Egypt arrests 6 Sudanese trying to enter Israel
May 26, 2006 (AL-ARISH, Egypt) — Egyptian police captured six Sudanese, including a one-year-old boy, who were trying to cross into Israel early Friday to seek asylum, a security official said.
The six were arrested at dawn as they tried to get over the coil of barbed wire that marks the border in Egypt’s northeast Sinai desert, said Brig. Gen. Adel Fawzi, the chief of the North Sinai criminal investigation department.
They were arrested near al-Barth village, about 40 kilometers north of Al-Arish, where they had been left by a Bedouin smuggling gang to whom they had paid a total $3,500 to reach Israel.
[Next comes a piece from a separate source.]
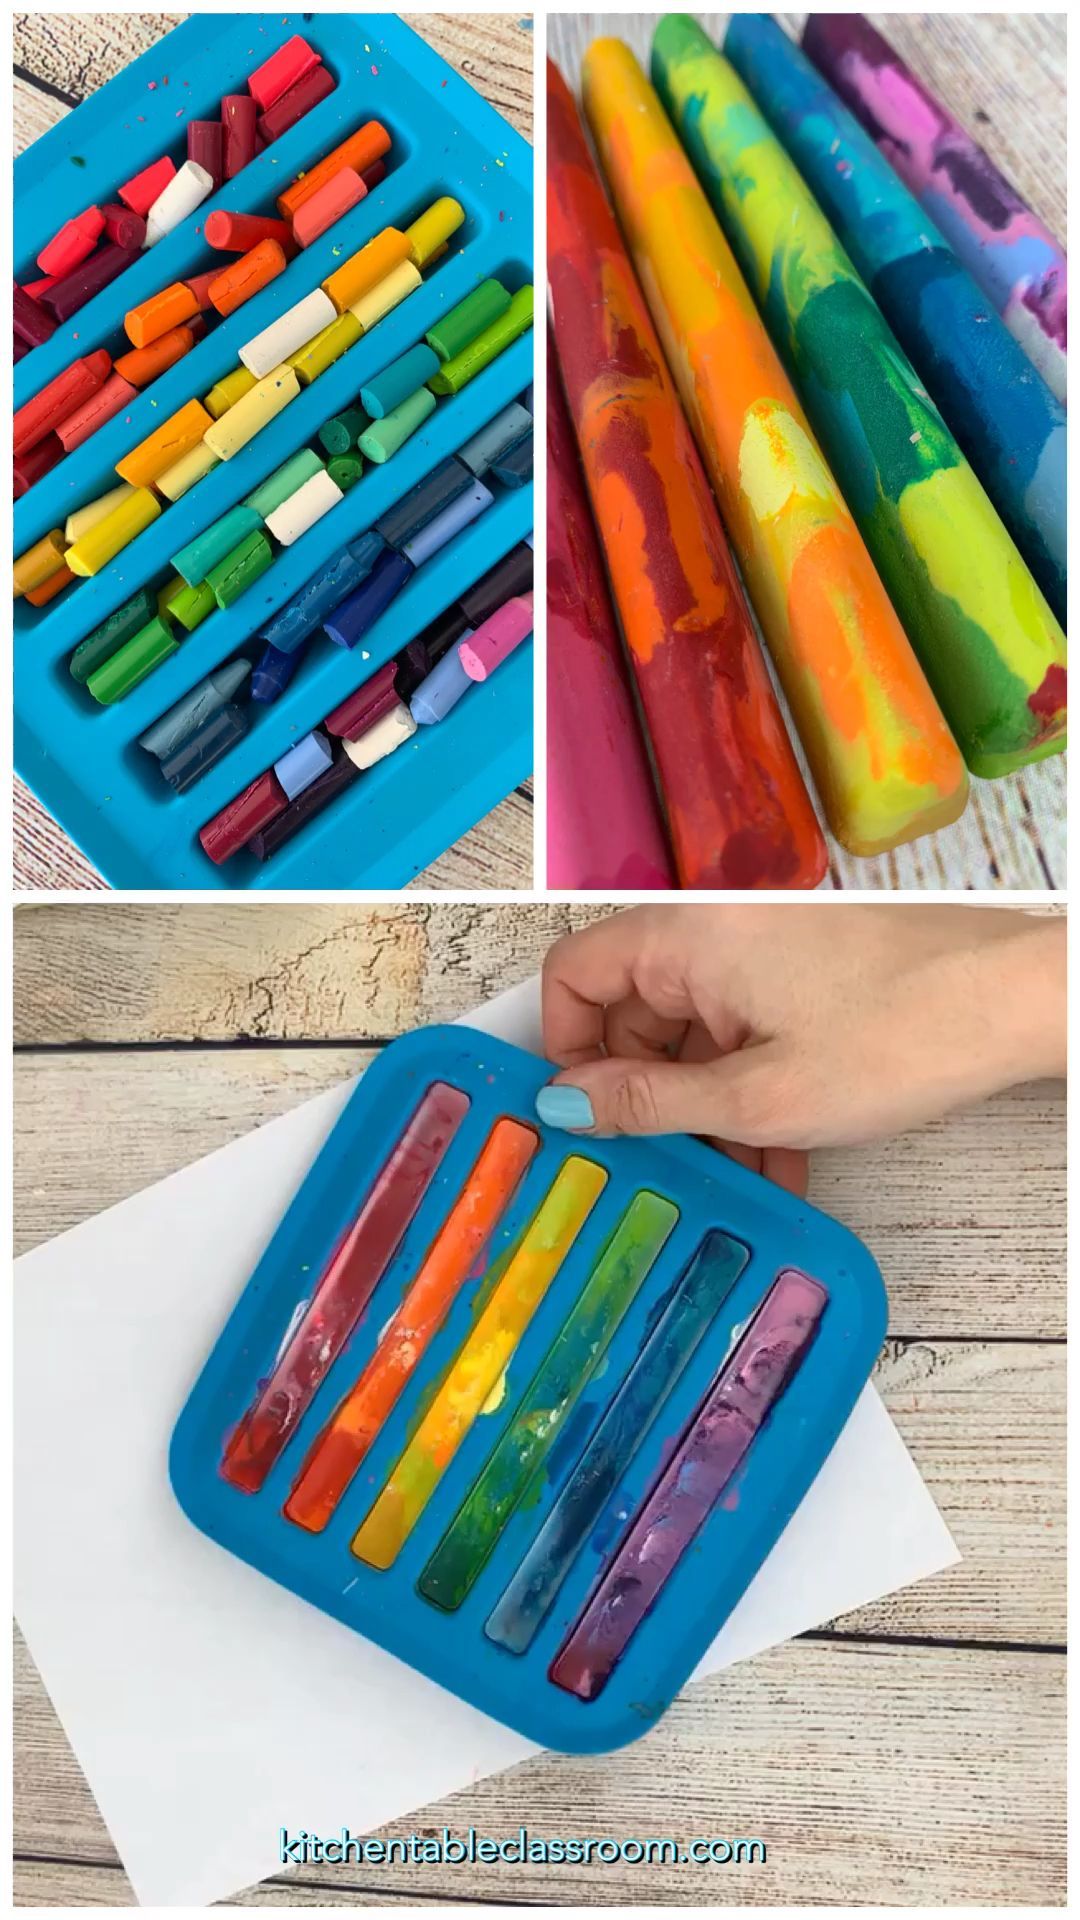 Recycling Crayons- How to Make Crayons - The Kitchen Table Classroom - Recycling Crayons- How to Make Crayons - The Kitchen Table Classroom -   19 diy Kids stuff ideas

The detainees, who included a 22-year-old mother and her infant boy, were from Darfur, the strife-torn western region of Sudan. They used to live in Cairo and were planning to seeking asylum at the U.N. High Commission of Refugees in Israel, Fawzi said.
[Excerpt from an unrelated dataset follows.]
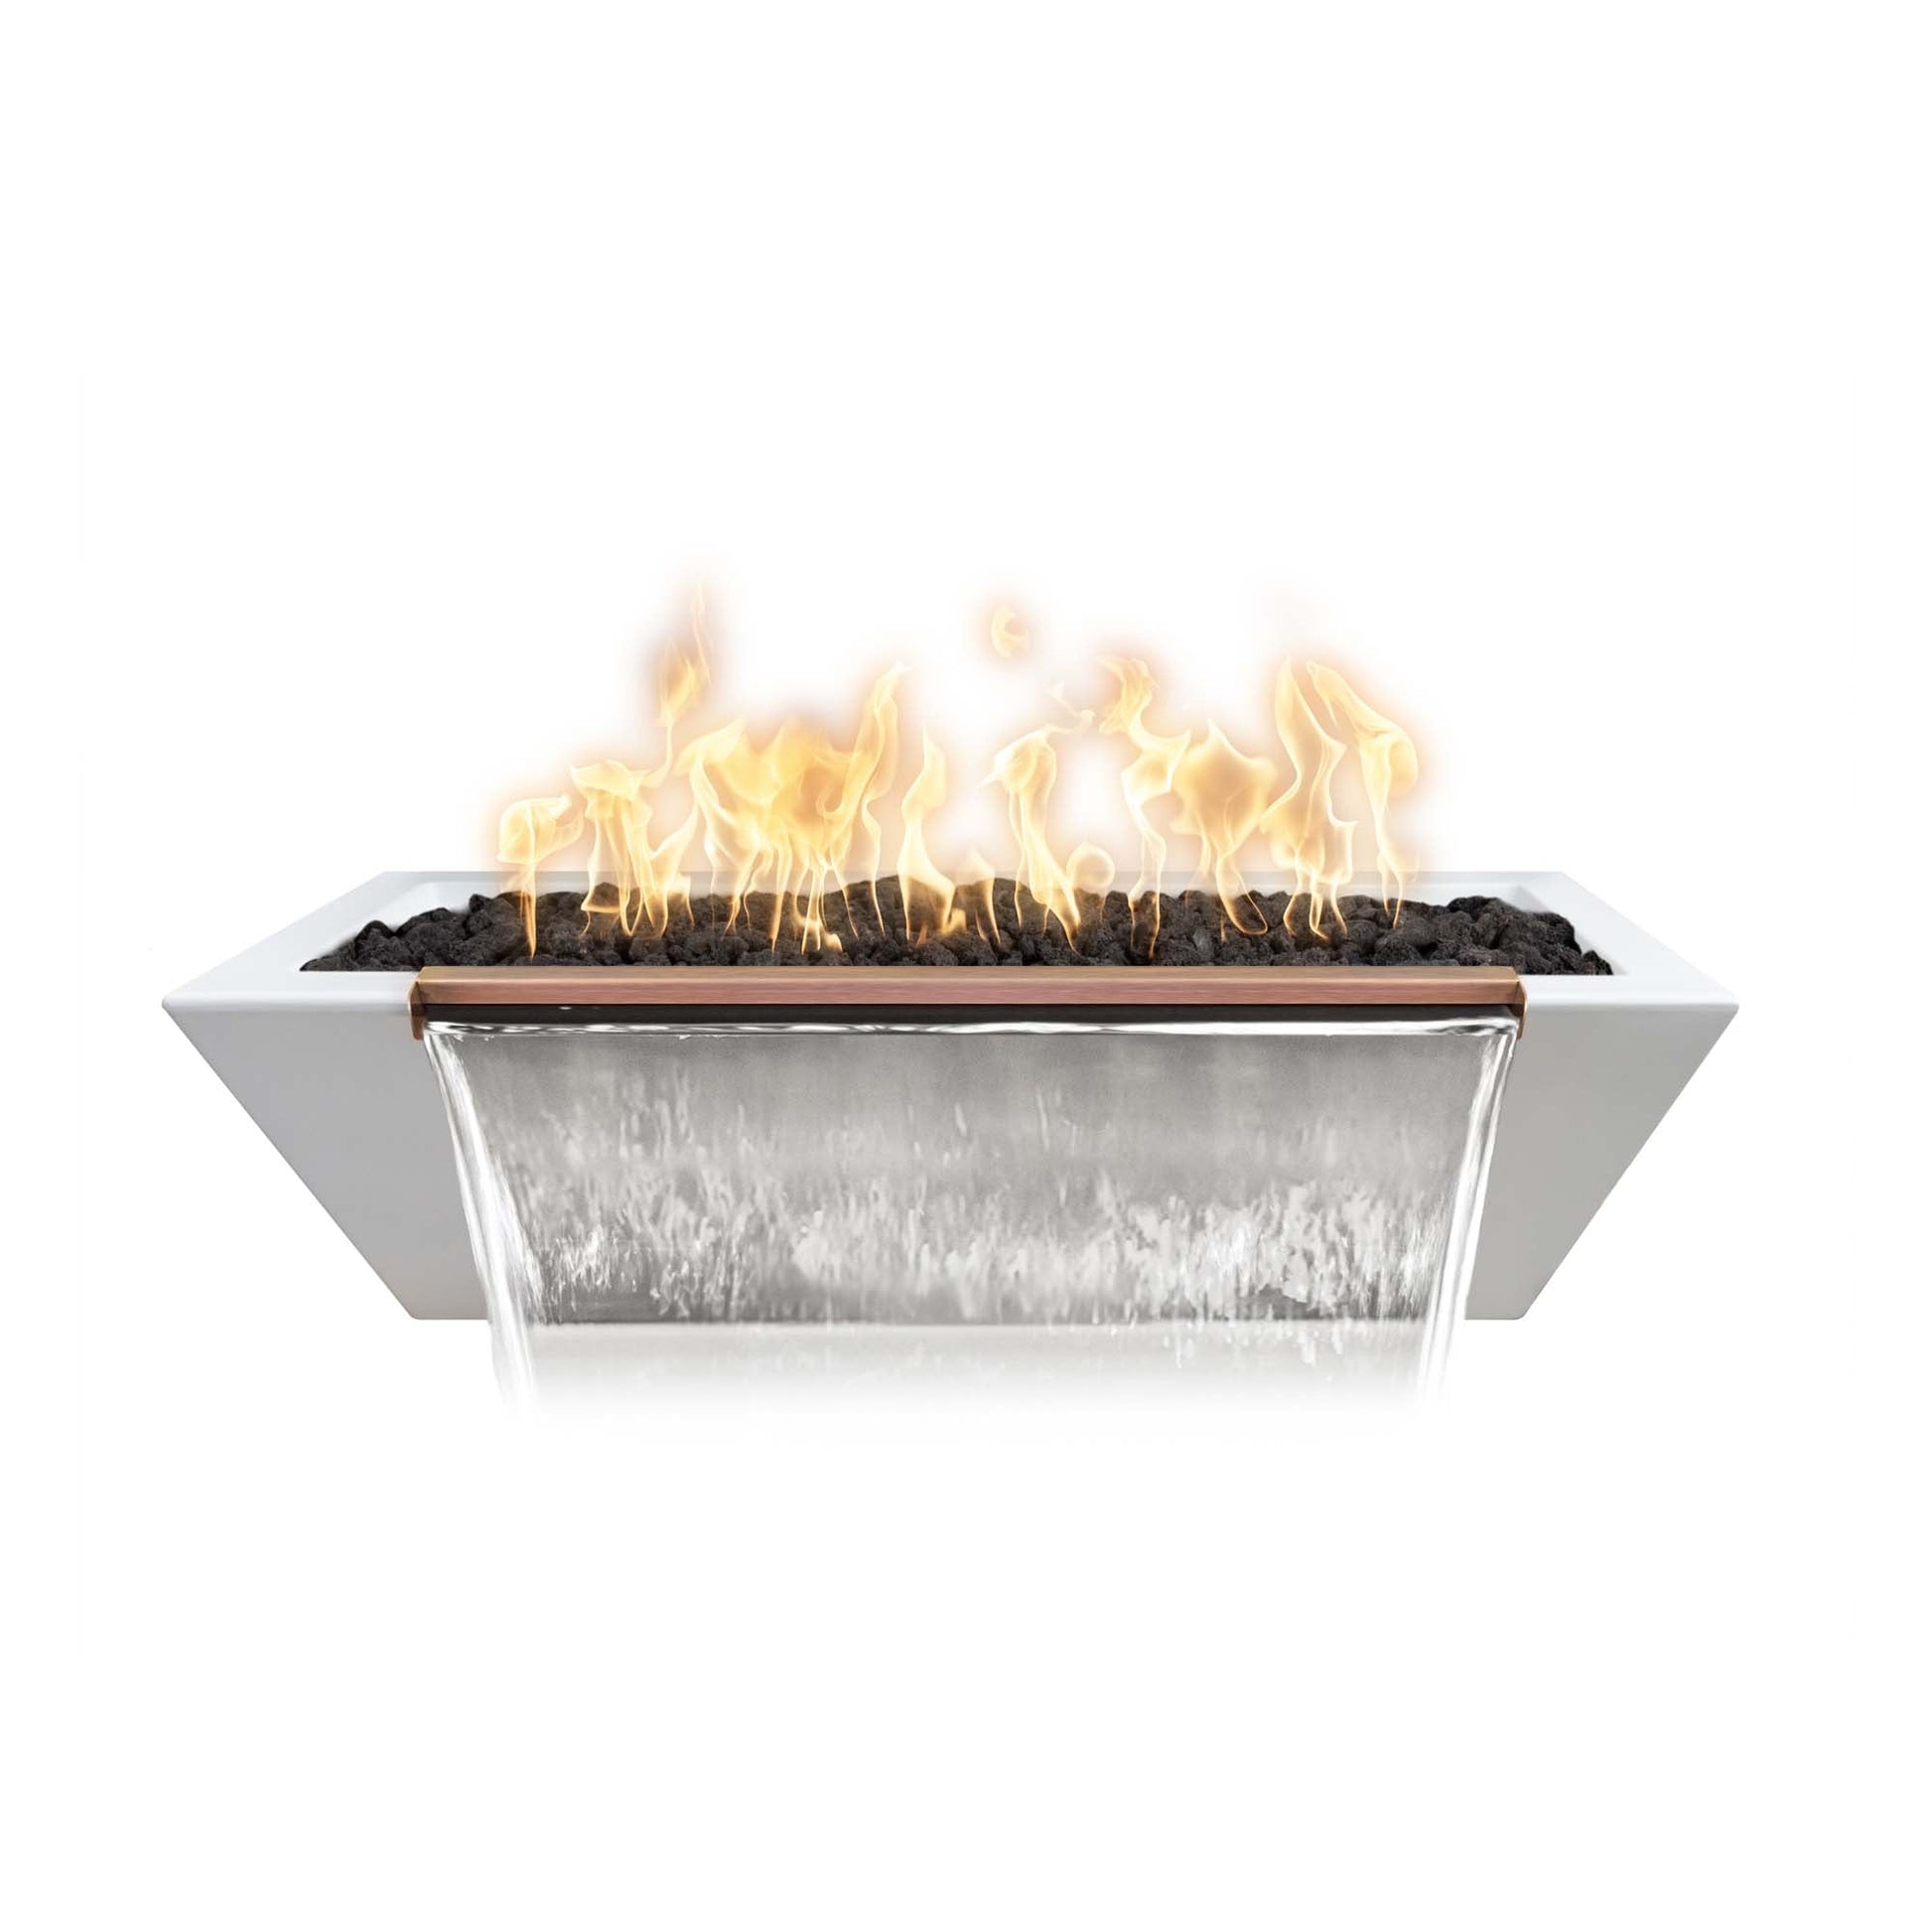 The Outdoor Plus Linear Maya 60" Black GFRC Concrete Liquid Propane Fire & Water Bowl with 12V Electronic Ignition

Fawzi added the Sudanese Embassy in Cairo had been informed. Embassy officials weren’t available for comment as Friday is the weekend in Egypt.
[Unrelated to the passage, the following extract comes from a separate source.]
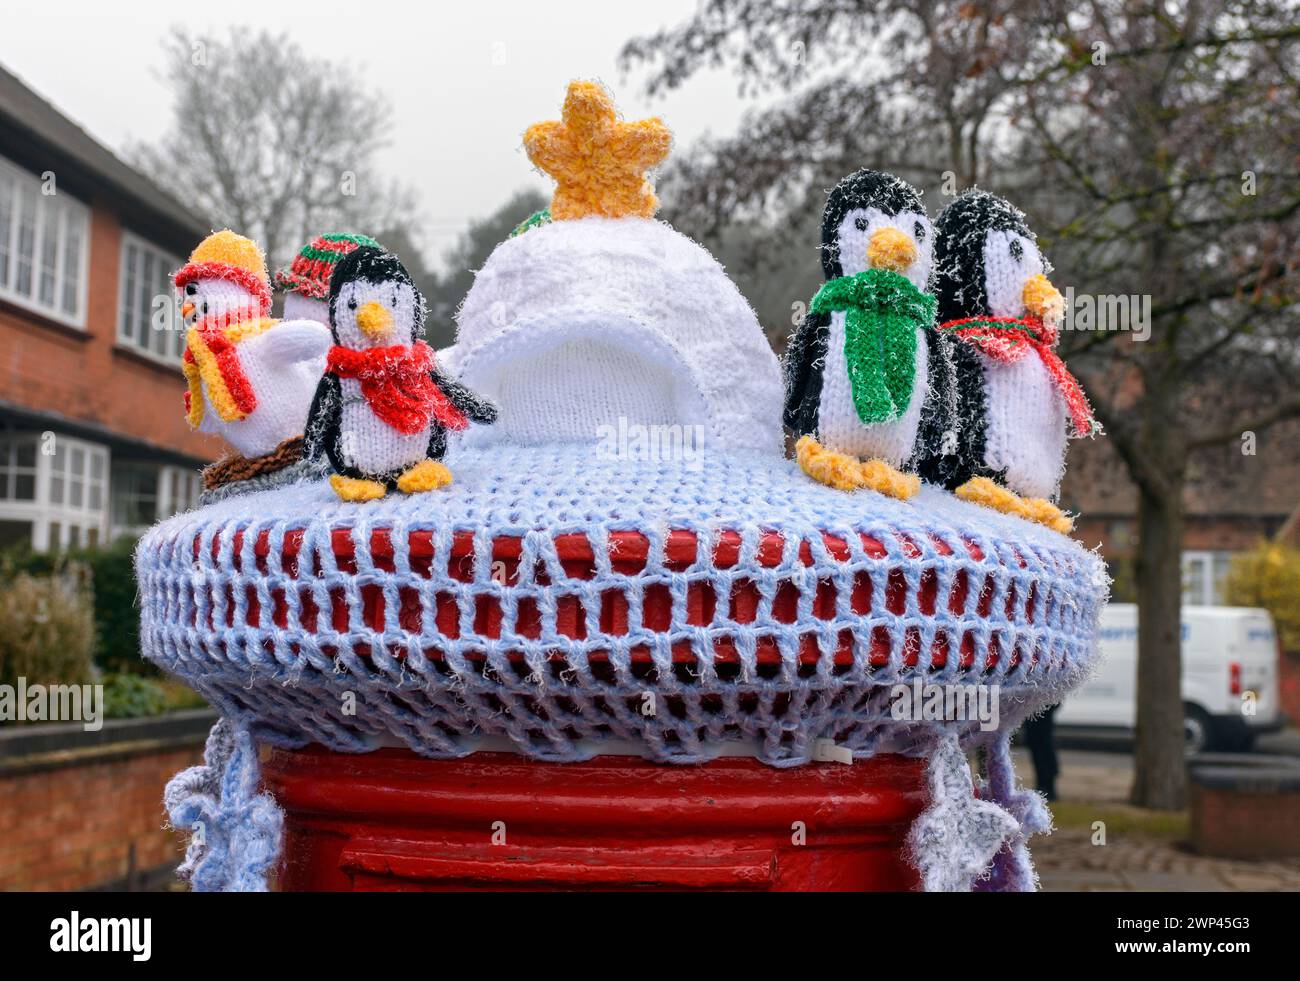 Knitted or crocheted post box topper depicting penguin characters, an igloo and a star.  At the Ruddington Christmas Market, Nottinghamshire, UK Stock Photo

The detainees were being held in police custody in Al Arish.
Egyptian authorities have long accused Sinai inhabitants of smuggling weapons, drugs and people across the border into Israel and the Gaza Strip. The peninsula is inhabited by about 10 semi-nomadic Bedouin tribes who are known for their knowledge of the area’s desert and mountain ranges.
Egypt and Israel regularly accuse each other of not doing enough to seal their border and stop smuggling.